Eigentlich untersuchten die Forscher ein mögliches Medikament gegen Depressionen, das über die nun bestimmten Rezeptoren wirkt. Zur Überraschung der Wissenschaftler stellte sich heraus, dass Mäuse weniger frassen, wenn sie diese experimentelle Substanz bekamen - und dass ein Zusammenhang zum Nikotin besteht.

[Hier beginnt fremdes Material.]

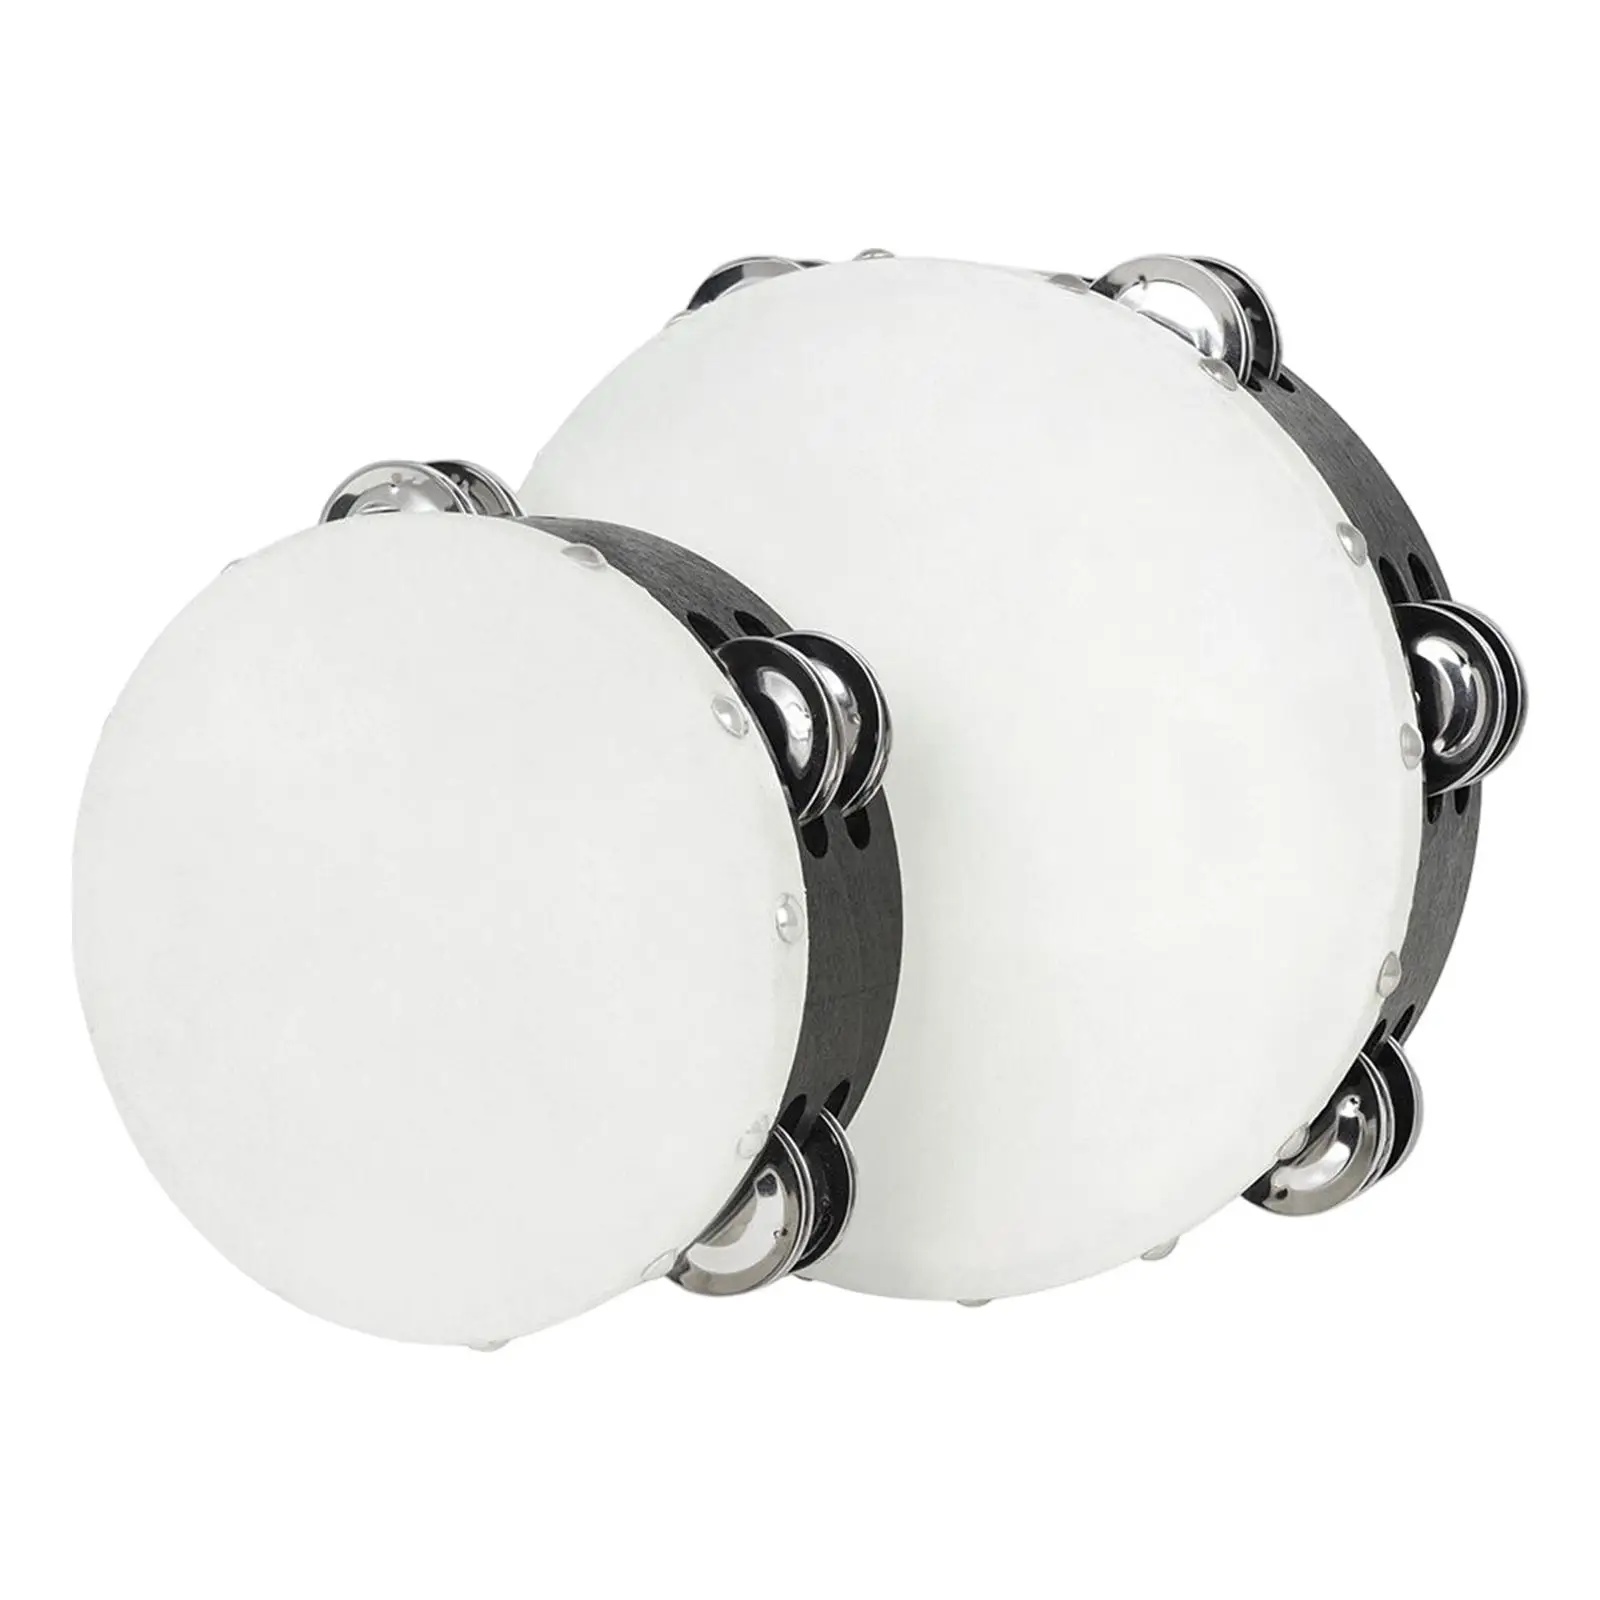 2Pcs Tambourine Hand Held Drum Children Musical Educational Hand Percussion

Gemäss dem Fachartikel, der im Wissenschaftsmagazin «Science» publiziert wurde, haben Raucher einen niedrigeren Body-Mass-Index als Nichtraucher. Sie nehmen zu, wenn sie mit dem Rauchen aufhören. Neben den beschriebenen Effekten an den Nervenzellen zählen auch Auswirkungen von Nikotin auf den Energiestoffwechsel des Menschen zu den Ursachen der Gewichtsveränderung.

«Viele Menschen sagen, dass sie nicht aufhören zu rauchen, weil sie dann an Gewicht zunehmen würden», sagte Picciotto. «Letztlich wollen wir Menschen dabei helfen, ihr Gewicht zu halten, wenn sie die Angewohnheit aufgeben, und vielleicht auch Nichtrauchern helfen, die mit Übergewicht zu kämpfen haben.»